Wrong - The National Review

Wrong - The National Review is calling for the ouster of General Boykin.

They're wrong:

During the Korean War, Douglas MacArthur wanted to attack Manchuria, and he let that be known to everyone who would listen. That was not U.S. policy, however, and President Truman promptly sacked the great man.
True enough, and...well, more later.
During the Cold War — in fact often pretty hot — NATO general Edwin Walker was instructing his troops in the theorems of the John Birch Society. That the U.S. government was 60 percent under Communist control was not the view of the Kennedy administration, and Walker was gone.
Again true, and again...well, we'll get back to that.
Flash forward to today. A three-star general, William "Jerry" Boykin, has been lecturing, in public and in uniform, to the effect that we are in a war with Islam, than whose god his God is bigger, that this is a war against Satan, of whom he has a photograph in the sky above Mogadishu.
Again, true. And again...well, again, we'll get to it.
President Bush has made it national policy that we are not in a war with global Islam. Furthermore, it is hardly good for the morale of troops to understand that their commander is a wacko who goes around photographing Satan zooming overhead. General Boykin is manifestly insubordinate, and should be sacked. Yesterday.
The comparisons to MacArthur and Walker are wrong. Boykin is not advocating any change in the government's strategic or operational policies; in fact, he is a key instrument of them.

And he is not directly instructing his troops in any "wacko" ideologies, as did Walker. Boykin's theology is not part of his troops' training.

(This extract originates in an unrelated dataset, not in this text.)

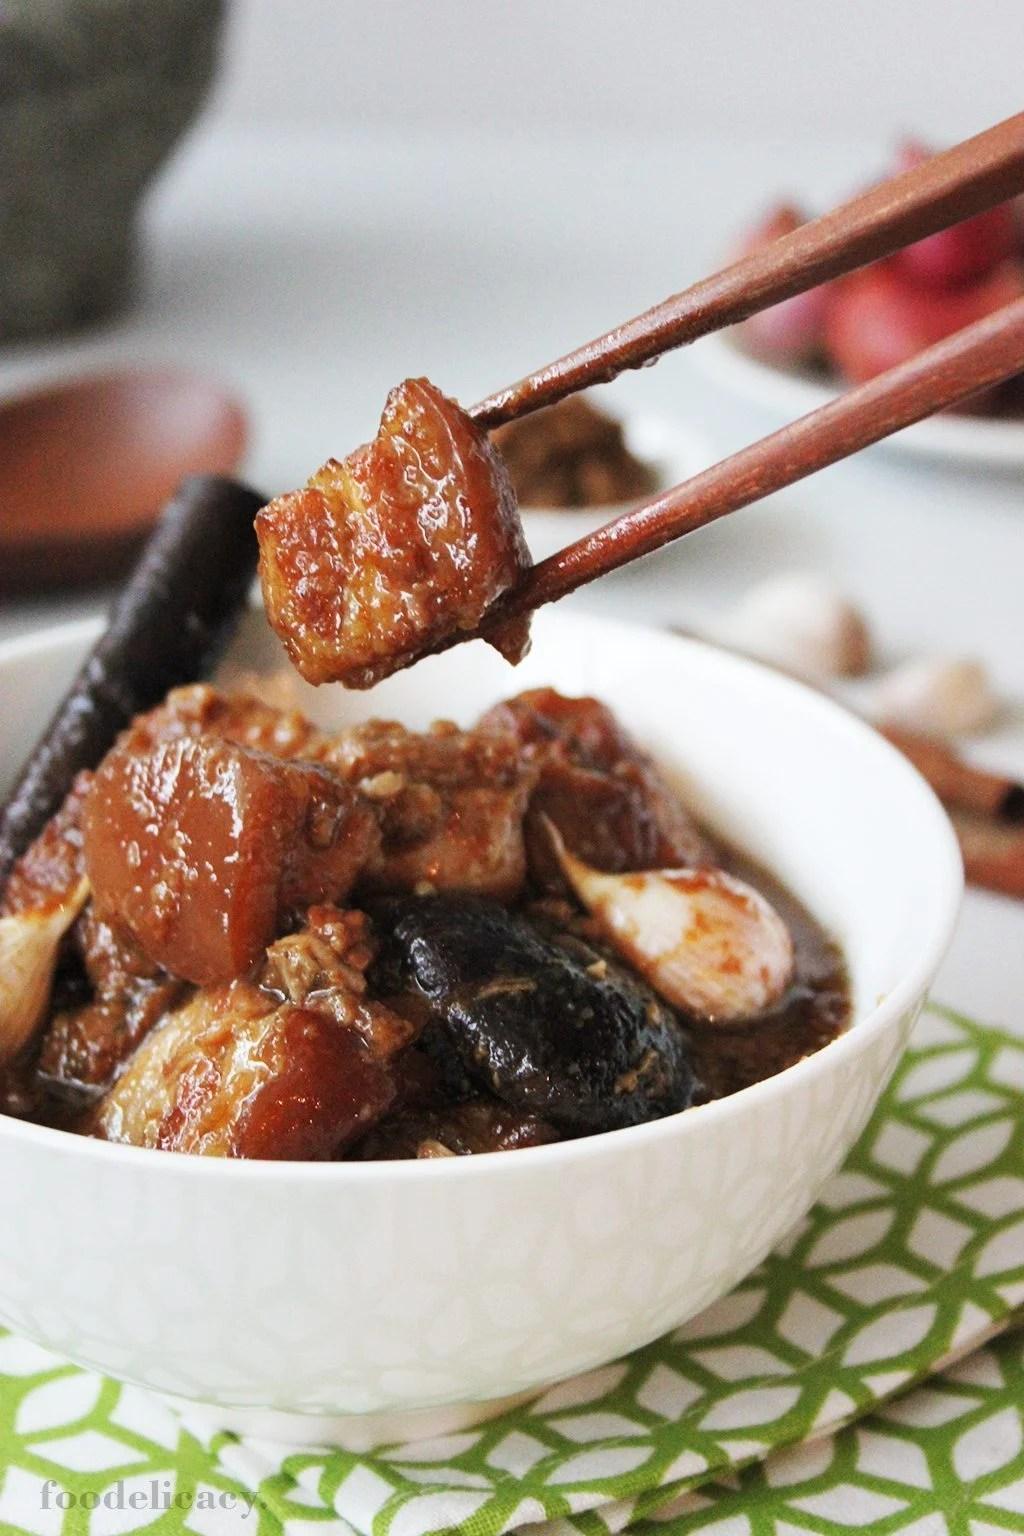 Braised Artinya : braised, artinya, Pongteh, (Nonya, Braised, Fermented, Sauce), Foodelicacy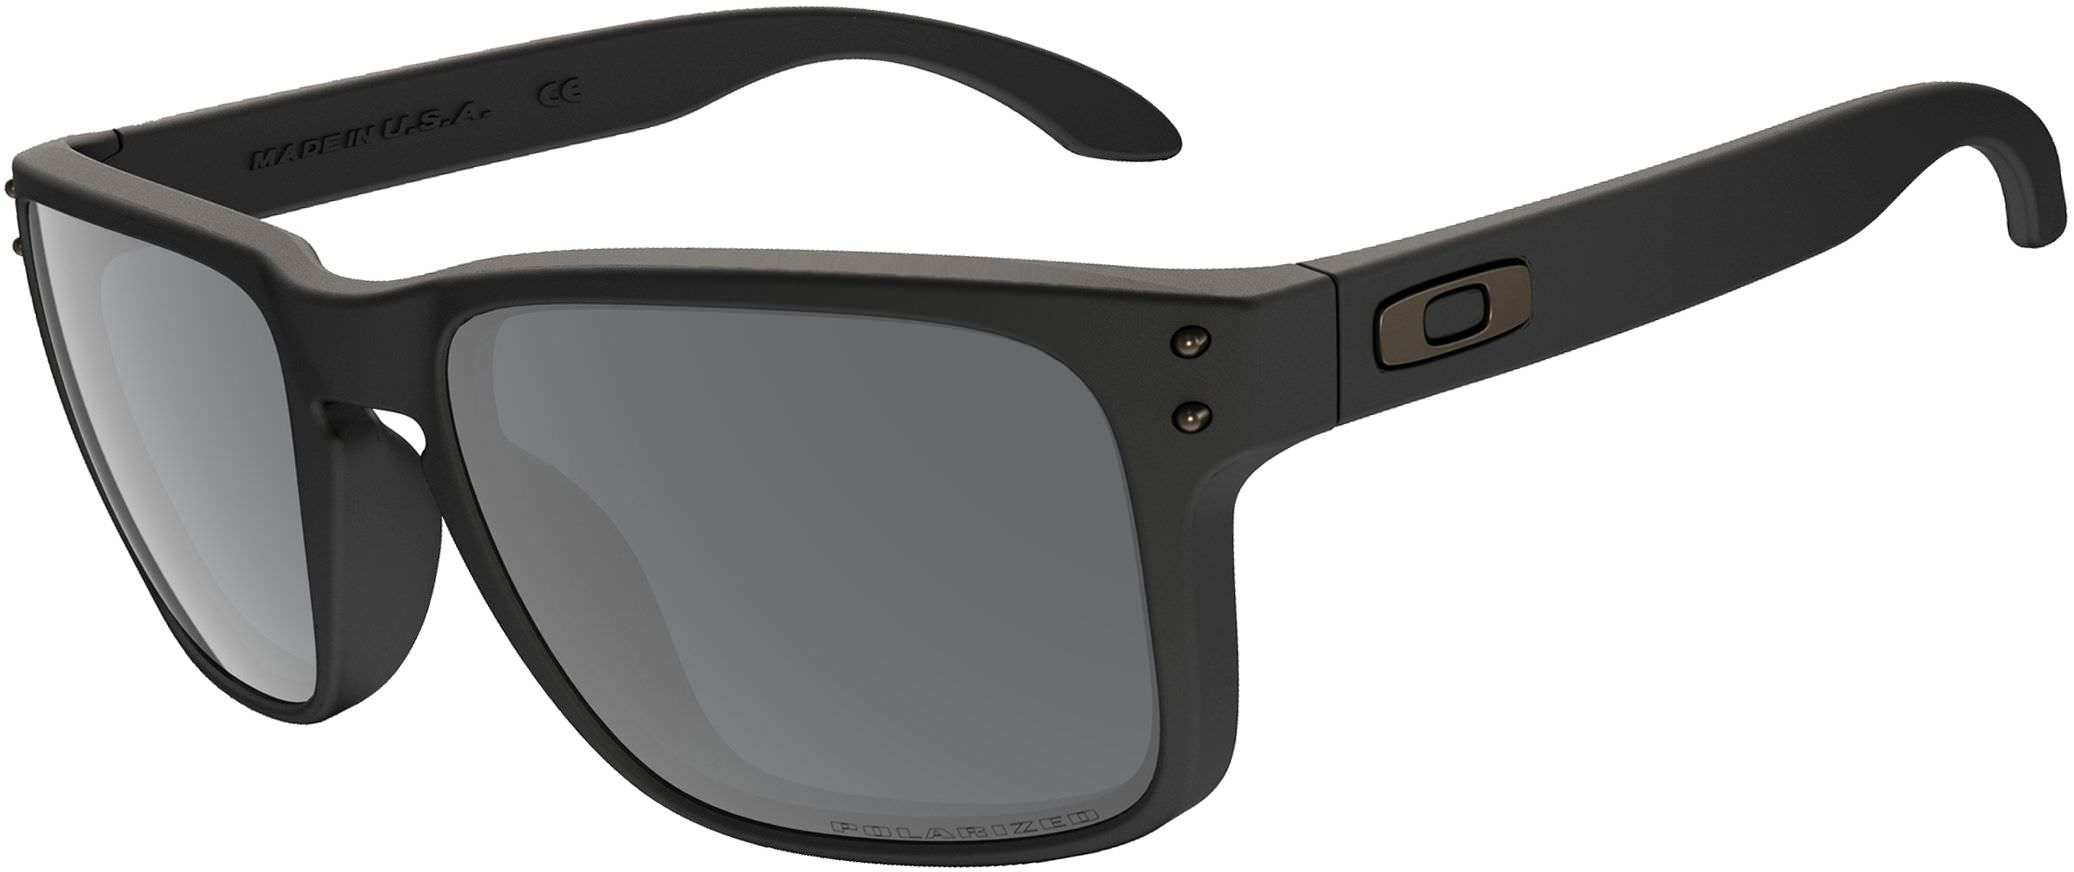 45dda74e1a ... Очки солнцезащитные Oakley 2018 HOLBROOK MATTE BLACKBLACK IRIDIUM on  feet shots of af8cf 69fbf  Sentinel Oakley Sunglasses ...

As to the "wacko" claim - was Patton a wacko? After all, he said:

  • •Perpetual peace is a futile dream. Think Patton would have lasted long under Bill Clinton?
  • As I walk through the valley of death I fear no one, for I am the meanest mother fucker in the valley!- NOW might have had trouble with that.
  • It has come to my attention that a very small number of soldiers are going to the hospitals on the pretext that they are nervously incapable of combat. Such men are cowards, and they bring discredit to the Army and disgrace to their comrades, whom they heartlessly leave to endure the dangers of battle, while they, themselves, use the hospitals as a means of escape. - Can you imagine an officer saying such a thing today? Yes, of course Patton's war career was shunted aside over this incident - but not permanently.
  • One can only conclude that where the Eighth Army is in trouble we are to expend our lives gladly; but when the Eighth is going well, we are to halt so as not to take any glory. It is an inspiring method of making war and shows rare qualities of leadership, and Ike falls for it! Oh, for a Pershing! - Insubordinate? Beyond doubt! And yet - he was right.
But here's the most germane Patton quote of all:
•There's a great deal of talk about loyalty from the bottom to the top. Loyalty from the top down is even more necessary and is much less prevalent. One of the most frequently noted characteristics of great men who have remained great is loyalty to their subordinates.
Taken in context, Boykin said nothing that fits any definition of "insubordination". For the President or Rumsfeld to sack one of the world's leading practitioners of his art of intelligence and special operations because of the media's trumping up of bogus chargers of crusaderism would be to violate Patton's dictum, putting the dreaded "chilling effect" on officers who lead, as Patton led, by creating a larger-than-life example of the warrior ethic, especially the Christian Warrior ethic.

Don't do it.

UPDATE: Apparently the Boykin editorial was a mistake - fallout from a debate among the National Review's editorial staff. It made it into print due to a production error.

Which doesn't change my opinion about the notion of sacking Boykin one bit, whether broached from the left or the right.